At one point, the choking officer felt “a sharp poke in my side.” That’s when he saw a fixed-blade knife in the jaywalker’s right hand. Shouting, “He’s got a knife!” the officer backed away, as did his colleagues. The jaywalker lay limp on the ground on his right side, not moving.

The officers formed a semicircle around the jaywalker and ordered him to drop the knife. When he neither moved nor responded, they did what they thought was the sensible thing: They pumped 22 bullets into his back, killing him on the spot.

The jaywalker’s estate filed suit in U.S. District Court in West Virginia. The district court twice dismissed the suit, only to have the Fourth Circuit reverse and remand. That second remand led to a third dismissal, this time on qualified-immunity grounds, and to today’s opinion.

Qualified immunity is one of those doctrines that belies then-Judge John Roberts’s assertion during his confirmation hearings, that judges merely call balls and strikes; they don’t make law. Well, of course they make law – we call it common law, but it’s just as binding as statutory law. Nowhere in the civil rights statutes will you find a reference to qualified immunity, or its municipal cousin, the Monell doctrine. Judges crafted those doctrines; they sculpted them from raw marble, and they now lie enshrined and spotlighted in our jurisprudence.

A district judge ruled that the jaywalker’s right to be free from being shot in the back 22 times while lying limp somehow wasn’t clearly established at the time of this shooting, thus granting the officers qualified immunity. Really, that’s what the judge said. Today the Fourth Circuit issues a scathing rejection of that ruling, unanimously reversing and sending the case back to West Virginia. The circuit court does affirm the district court’s dismissal of the City, because the evidence doesn’t establish that a city policy was the moving force behind the violation. (That’s Monell, for those of you who hang out in state courtrooms.)

To appreciate this decision, you really have to read Judge Floyd’s prose. It contains pointed phrasing that I’m not accustomed to seeing in the genteel world of appellate opinions. I’ll just clip this closing paragraph, and ask you to note the brutal coincidence of timing that he describes:

Wayne Jones was killed just over one year before the Ferguson, Missouri shooting of Michael Brown would once again draw national scrutiny to police shootings of black people in the United States. Seven years later, we are asked to decide whether it was clearly established that five officers could not shoot a man 22 times as he lay motionless on the ground. Although we recognize that our police officers are often asked to make split-second decisions, we expect them to do so with respect for the dignity and worth of black lives. Before the ink dried on this opinion, the FBI opened an investigation into yet another death of a black man at the hands of police, this time George Floyd in Minneapolis. This has to stop. To award qualified immunity at the summary judgment stage in this case would signal absolute immunity for fear-based use of deadly force, which we cannot accept.
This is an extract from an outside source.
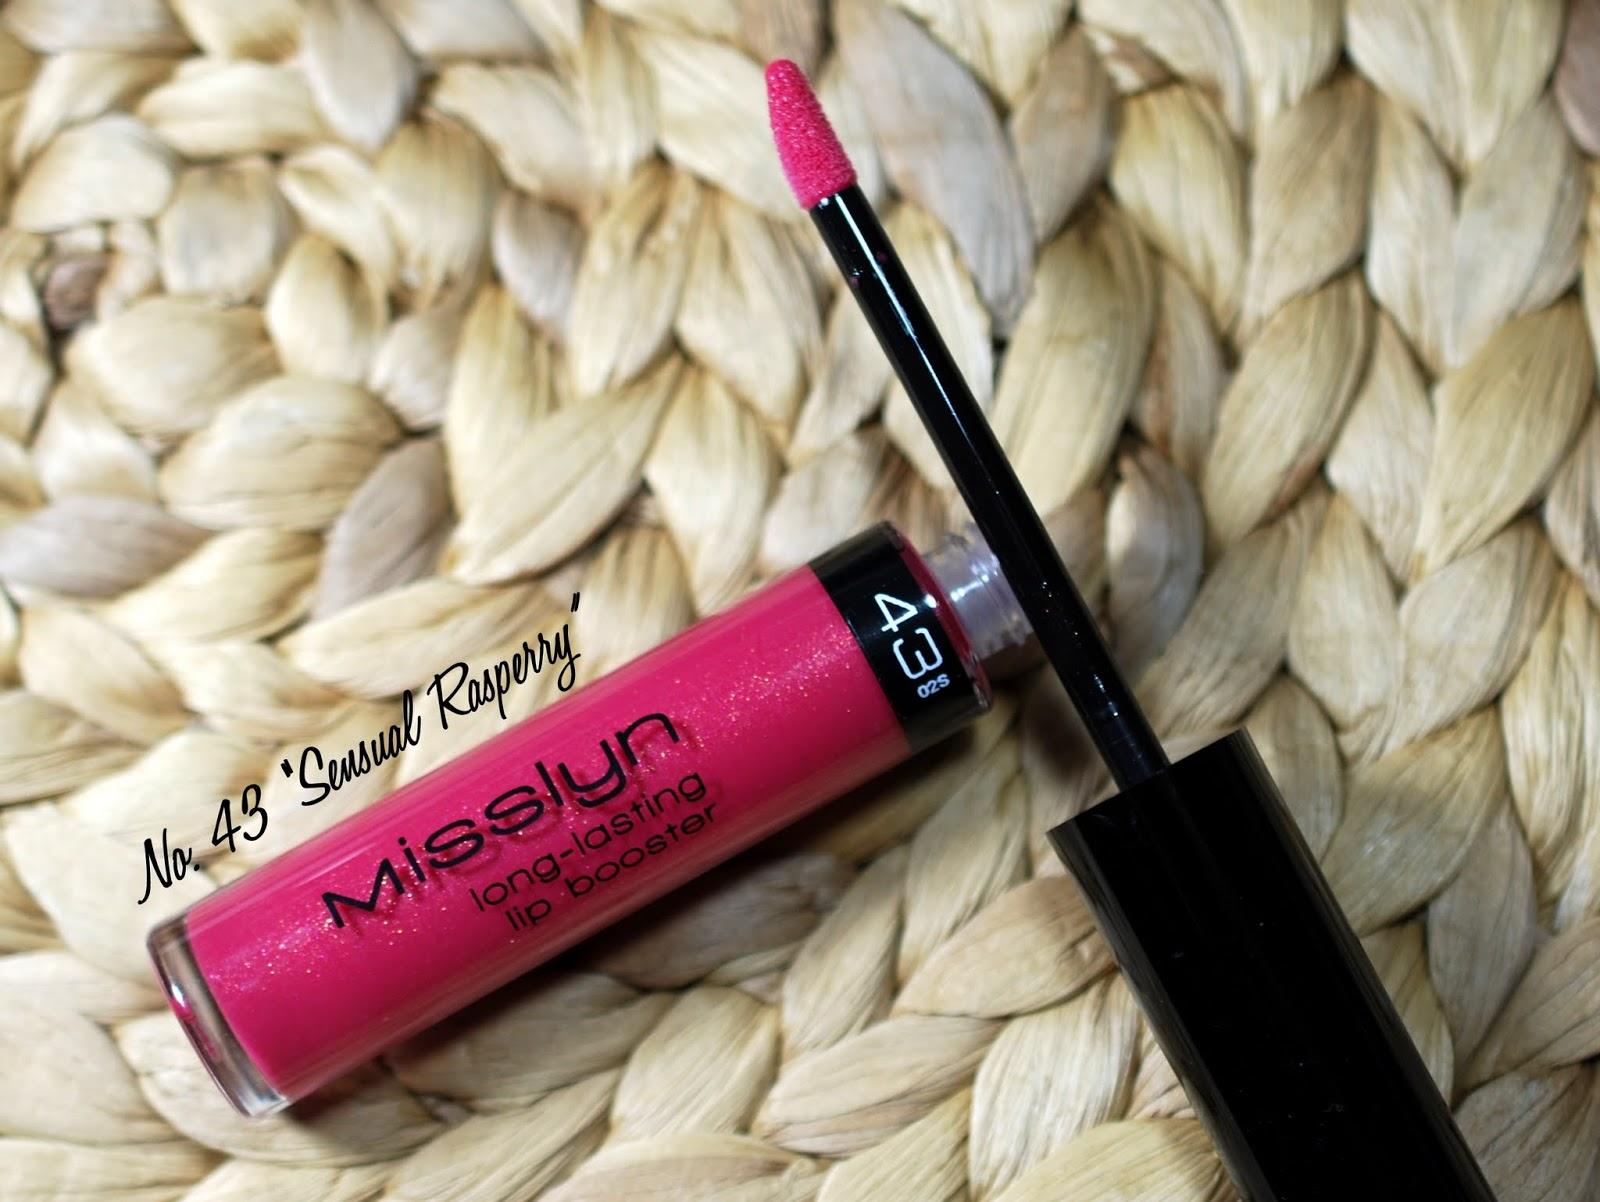 Misslyn Long-Lasting Lip Bosster Nr. 43 Sensual Raspberry

The district court’s grant of summary judgment on qualified immunity grounds is reversed, and the dismissal of that claim is hereby vacated.

Lest you perceive that I’m a bleeding heart, please know that I spent nine years in the litigation section of a municipal law office, and over that span, I represented a lot of police officers. I respected, and still respect, the fact that when they show up for work, they put their lives on the line to protect people like me. Every day, every shift.

But what happened on this night in West Virginia, like what happened 15 days ago in Minneapolis, like what happened six years ago next month in New York City, like what happened three weeks after that in Ferguson, and so on, and so on, and so on, is a cancer on our nation. No, I don’t believe that municipalities should disband or defund police departments; that’s not the answer. But shrugging these killings off, as part of the price we pay to be a society, is abhorrent. And granting these five men qualified immunity from civil-rights liability is indescribably unwise. That, in case you didn’t recognize it, is a euphemism.